「すばらしき世界」感想
監督:西川美和
主演:役所広司
ジャンル:クライム、スリラー、ヒューマンドラマ
あらすじ
元殺人犯・三上
人生の大半、13年間を刑務所で生きてきた男・三上。繊細でまっすぐで不器用、短気な元極道。
4歳で親と離別、施設に入る。11歳ごろから放浪癖が生じて暴力団と関わり始める。
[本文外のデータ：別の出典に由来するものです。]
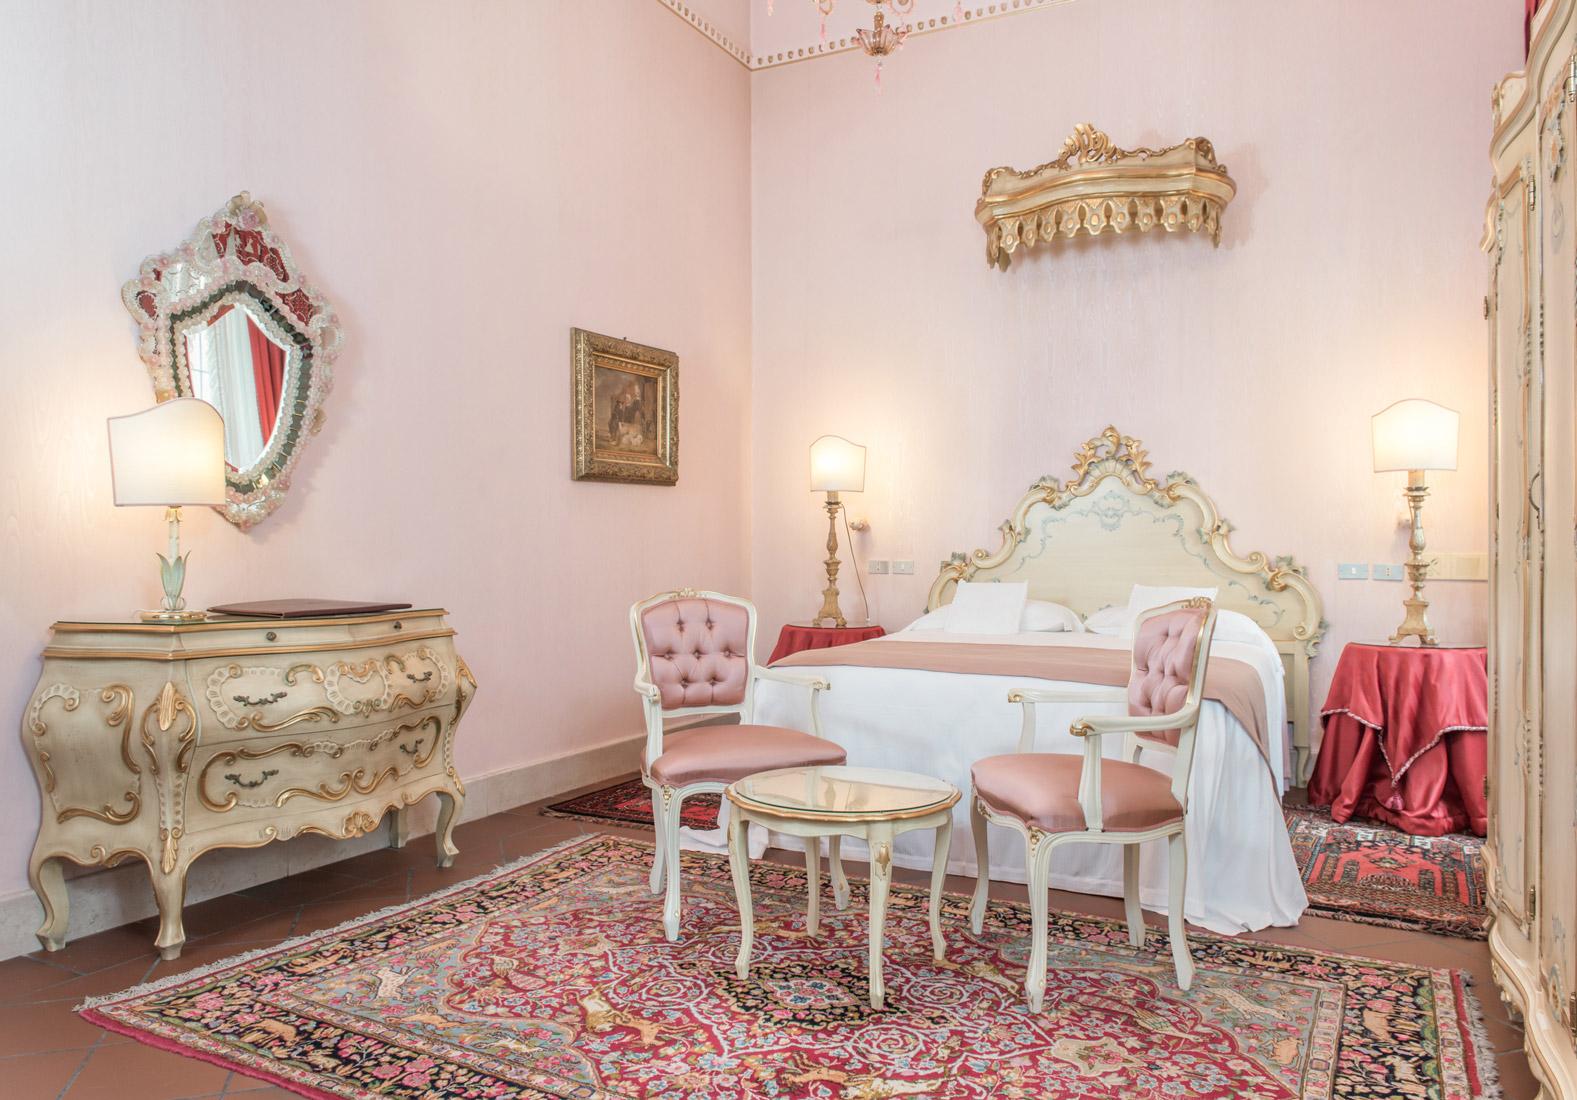 https://www.orlandinifrancesco.com/wp/wp-content/uploads/2019/01/Duchessa-Isabella-Ferrara-Camere-1.jpg

16歳で初犯。
刑務所を出てからのことを考えていたが、繰り返しの日々で世間のことも分からず、頭が真っ白になっていったという。
三上は血圧に病があってうまく働けず、生活保護を申請。
そんな折りで「母親探し」を番組に依頼して、ディレクターの津乃田と出会う。
三上のまっすぐさ、不器用さに惹かれる
一見すれば、元極道の男が一生懸命暮らしているだけの話なのですが、三上は動作ひとつとっても繊細で、細かくて、怒りと感情のまま生きている。
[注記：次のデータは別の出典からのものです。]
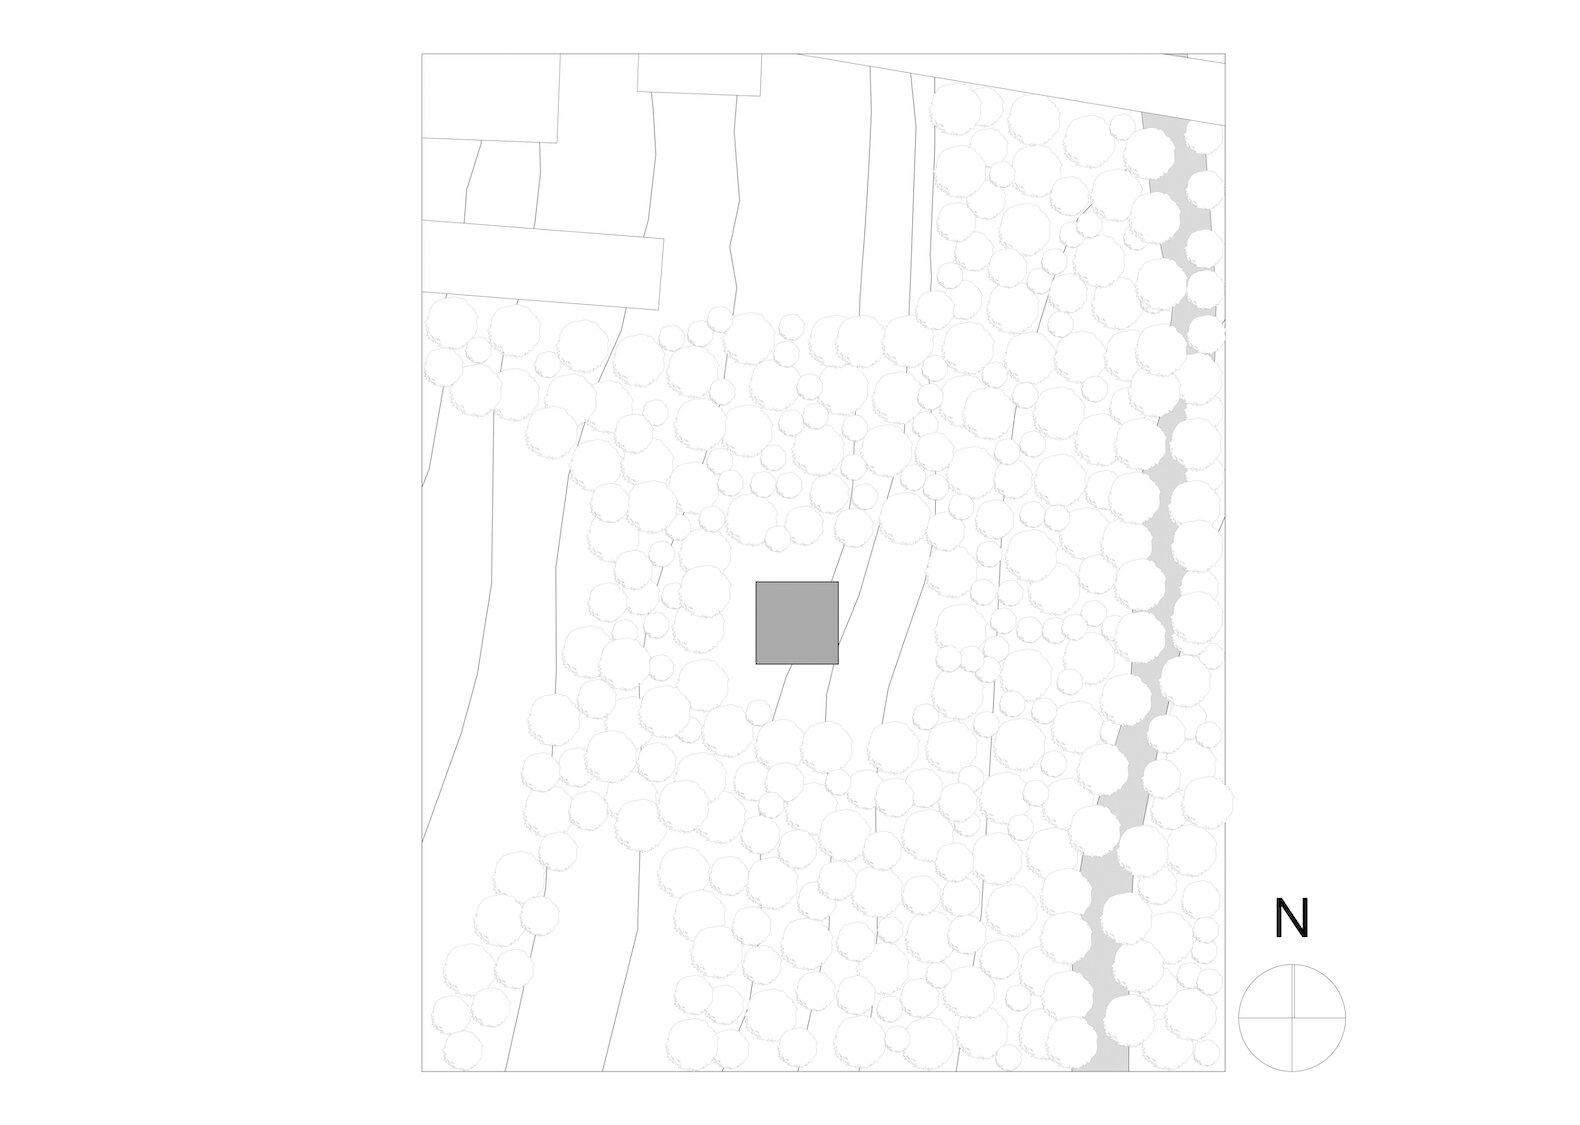 Refugio 3 x 3 site plan

真っ直ぐやりたいだけなのに、世間の冷たさや薄れた人情に翻弄される。
とても下手くそな生き方からなんでか目が離せません。
吉澤プロデューサーが言う「レールからはみ出たら死ねと言わんばかりの不寛容な社会」「でもレールの上を歩いている私たちも、ちっとも幸福なんて感じてないから、はみ出た人を許せない」
という台詞が印象的です。
我慢を重ねて行き着くところは…
三上は人を殺しているけど、そこに罪悪感を持てるほど普通でもない。
仲良くなったスーパーの店長とも喧嘩し、役所の担当にも見捨てられ、津乃田からは「人に暴力を振るうのをやめなければ社会で生きていけない」「あんたは母親に捨てられたんだ」と言われ、居場所を失う。
そして三上は暴力団に戻っていってしまう。
でも兄弟分と再会してから、組が警察に検挙されそうになっていた時に、兄弟分の奥さんに
「最後のチャンスをふいにするな」「シャバは我慢の連続ですよ、その割に大して面白くもない、けど空が広い」と説得され、三上は東京まで帰ってきます。そして母親に繋がる人と出会う。
転がるように三上の人生は好転していく。そして、最後は……
本当に最後まで目が離せない衝撃の作品です。見る価値がある。